Using whole-exome sequencing, a previously unannotated gene variant involved in immune cell development has recently been uncovered. The results might lead to new therapies for patients with immunodeficiency diseases.
An international group of scientists headed up by Kaan Boztug from the CeMM Research Institute for Molecular Medicine of the Austrian Academy of Sciences published the results in the journal Nature Immunology.
Genetic variants are present in the population and can be either common or rare, both types influencing the health and disease of an individual.
The researchers studied a family with a rare genetic mutation affecting their immune system in which three of the six siblings died of a significant lack of white blood cells with another child fighting for his life with similar complications. Studying the 12-year-old who survived formed the crux of the research.
Using a genome-wide approach, the researchers harnessed a sequencing tool allowing all the exons (the segments of DNA that code for RNA and potentially protein) to be sequenced. They immediately detected a mutation in a gene called RASGRP1, which codes for a protein involved in white blood cell development.

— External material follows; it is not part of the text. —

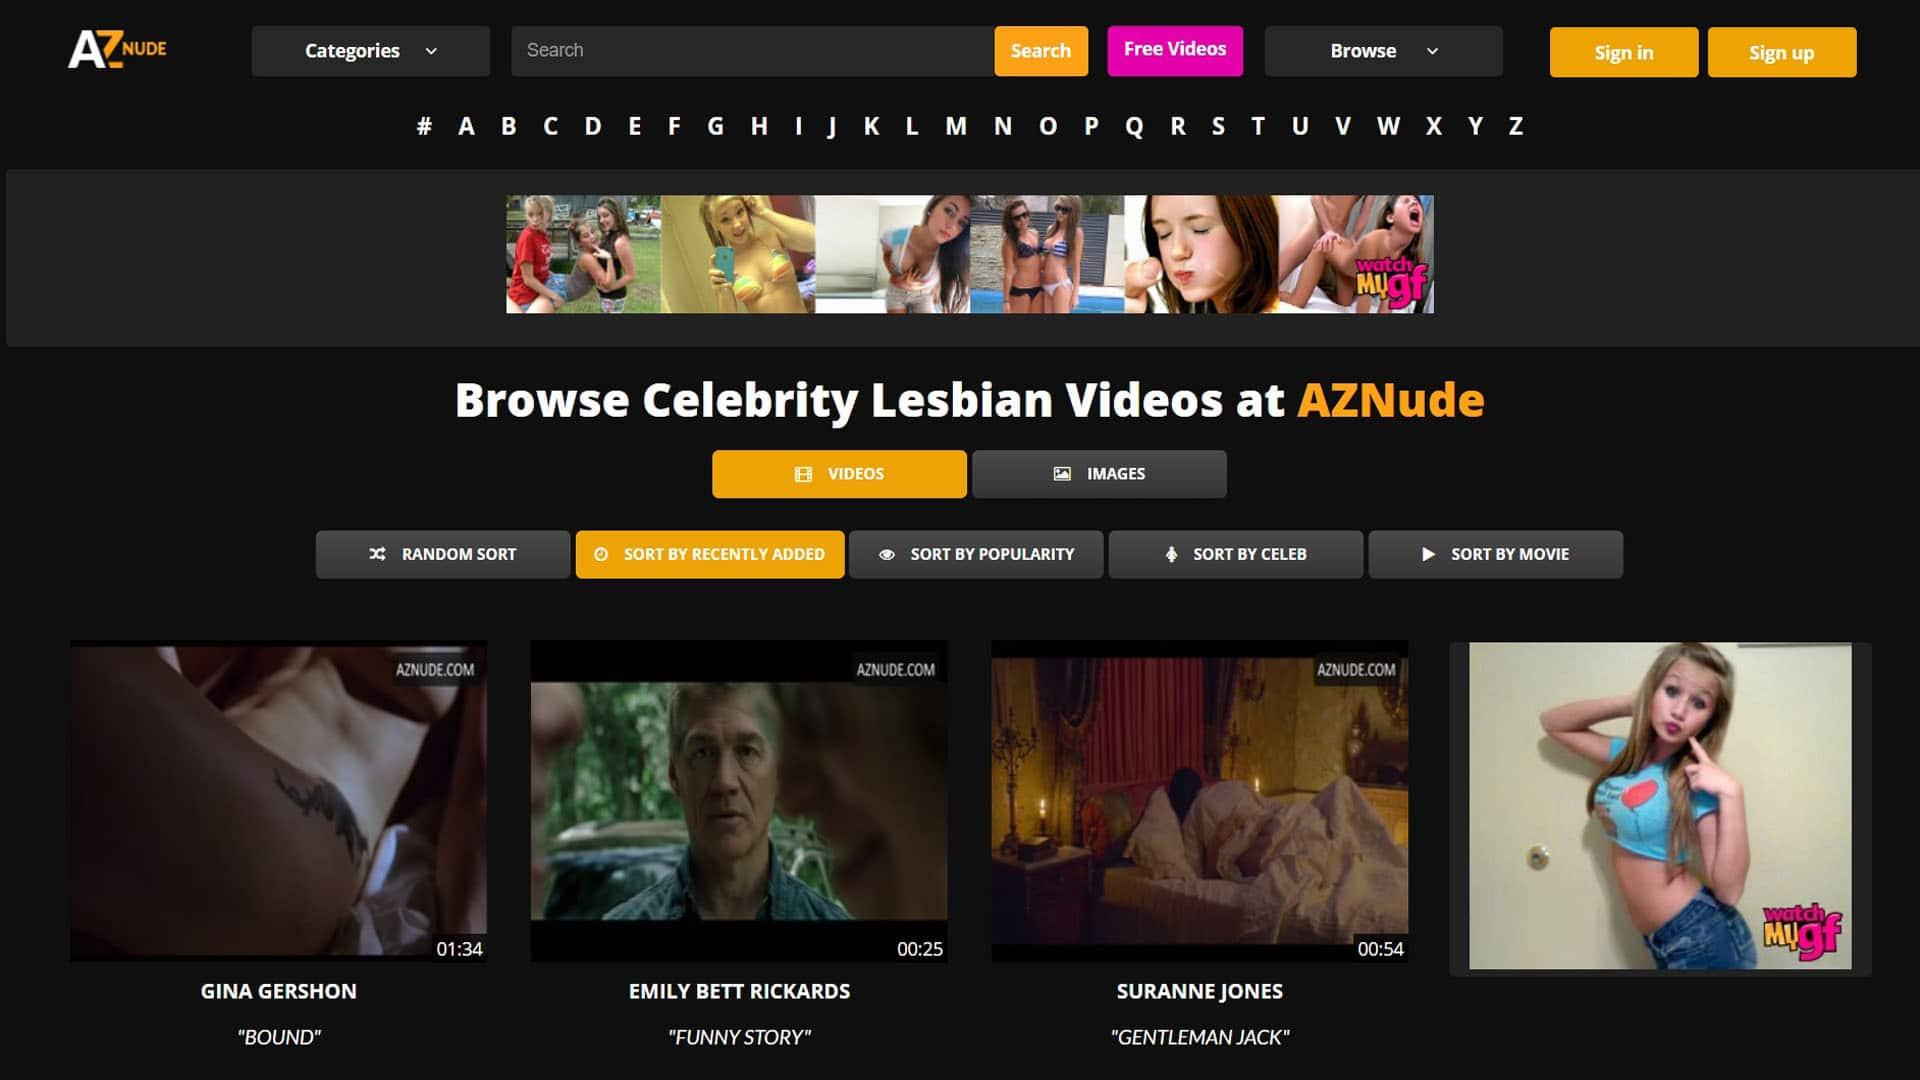 AZNude Celebrity Lesbian Videos

The boy's parents were carriers of the life-threatening mutation since they both had a mutation in one copy of the RASGRP1 gene, meaning the child inherited two faulty copies and therefore presented with the disease condition that the parents avoided by having one healthy copy.
Detecting the downstream effects of the RASGRP1 mutation, the researchers found that two types of white blood cells, B and T, as well as the molecular architecture of natural killer (NK-) cells, were considerably altered by the lack of RASGRP1 in the patient.
Validating this observation in the lab, they showed that they could correct immune cell development in B and T cells by genetically restoring the expression of RASGRP1. They also showed that RASGRP1-deficient NK cells led to defective structure and function of these cells.
Finally, they showed that lenalidomide, a drug that targets RASGRP1, can reverse the effects of RASGRP1-deficient cells, suggesting such an approach could be an option for future patients with a similar genetic mutation.
"The whole process from the discovery of a gene defect as cause for a rare disease to the exploration of the disease-causing mechanism to the development of a personalized therapy does much more than helping the affected patients," said Boztug in a statement. "Virtually every case--such as the immunodeficiency of this young patient--provides profound new insights into the human organism and paves the way towards a future precision medicine."